Members and supporters of the CCOO Workers Union and the General Union of Workers take part in a protest organized by unions against the Spanish government's austerity policies at the Atocha Square in Madrid on Oct. 7, 2012. DANI POZO/AFP/Getty Images

Summary


The economic crisis is reshaping Europe's political and ideological landscape. The nationalist right is becoming more populist, criticizing the European Union and the political elites that back it and rejecting immigration. Center-right parties are afraid of losing votes to their competitors on the right, so they are adopting elements from the nationalists' agenda. Center-left parties are facing an identity crisis because they traditionally have defended deeper European integration and the expansion of the welfare state. With both of these concepts in crisis, progressive parties are struggling to adapt to the new social and political environment in Europe. The far right and center-right will continue attracting voters. As a result, domestic pressures to leave the common currency and adopt new barriers to immigration and free trade are likely to grow in the coming years.

Analysis


In Europe there is a strong connection between supranational integration and center-left politics. In the early 1940s, former communists -- mostly Italians -- led the European Federalist Movement, which proposed the gradual dissolution of the nation-state and its replacement by a federation of European states. According to their view, Europe's perennial state of war was the consequence of pervasive nationalism, which made the nation-state the cause of, not the solution to, the Continent's woes. The movement's most notable document was the Ventotene Manifesto, which proposed the creation of a federation of European nations sharing the same currency. This is considered the ideological foundation of economic and political integration in Europe.

In the 1950s, most social democratic parties in Western Europe favored integration. They saw it as a way of improving the quality of life on the Continent and expanding and standardizing social legislation across nations. Their center-right adversaries were not always as convinced but saw the expansion of free trade in Europe as necessary for postwar peace (a view that was shared by the United States, which pushed Western European countries to integrate during the early days of the Cold War). Regardless of their ideology, most mainstream parties agreed that continental integration was the antidote to dangerous nationalism.

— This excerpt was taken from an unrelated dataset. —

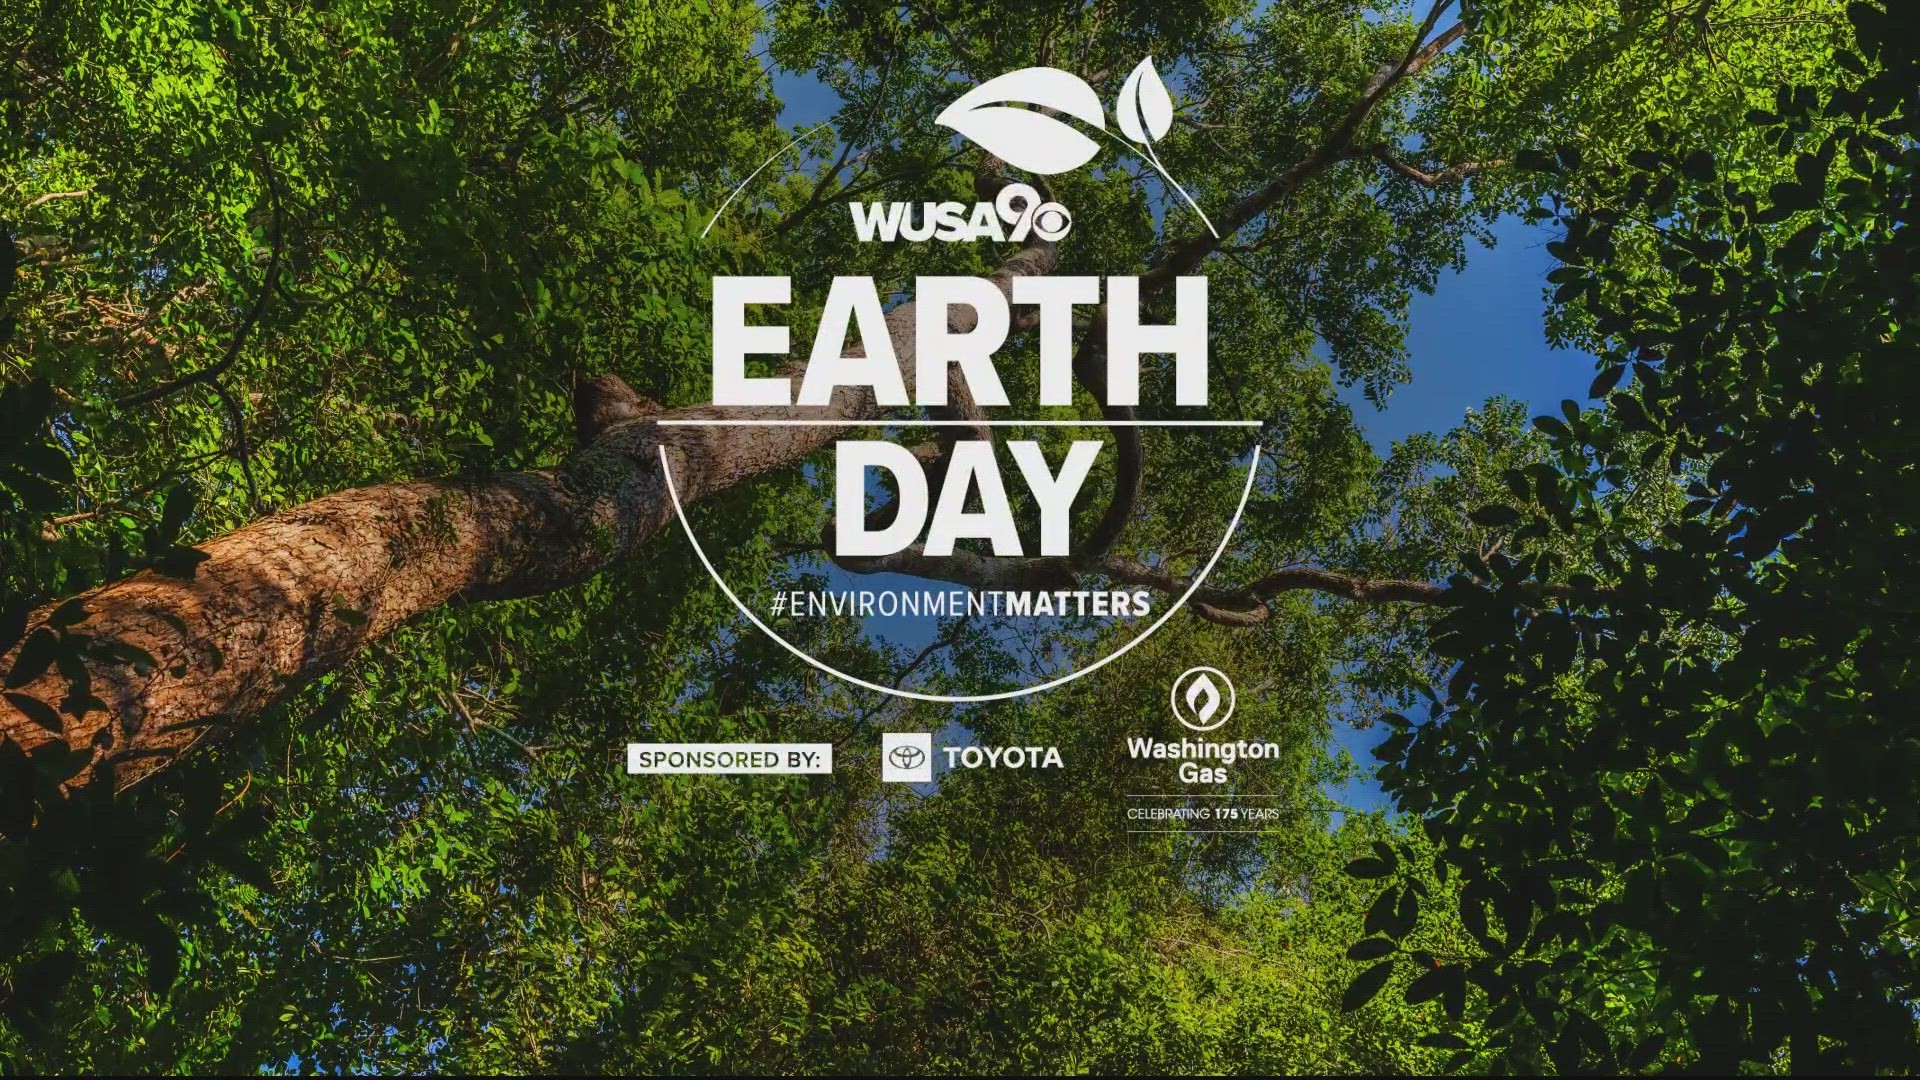 Earth Day 2023 events with WUSA9

The European Economic Community (the European Union's predecessor) was created in 1957 and had elements to please most sectors of the European political establishment. The conservatives were happy to see the creation of a free trade zone, where national barriers to trade were abolished and goods and services could move freely. The progressives were also pleased because substantial amounts of money (in the form of structural funds to help poorer regions and a Common Agricultural Policy to subsidize the agricultural sector) would be spent to ensure social and economic cohesion. In other words, the Europeans found a way to make liberalization and protectionism coexist in apparent harmony.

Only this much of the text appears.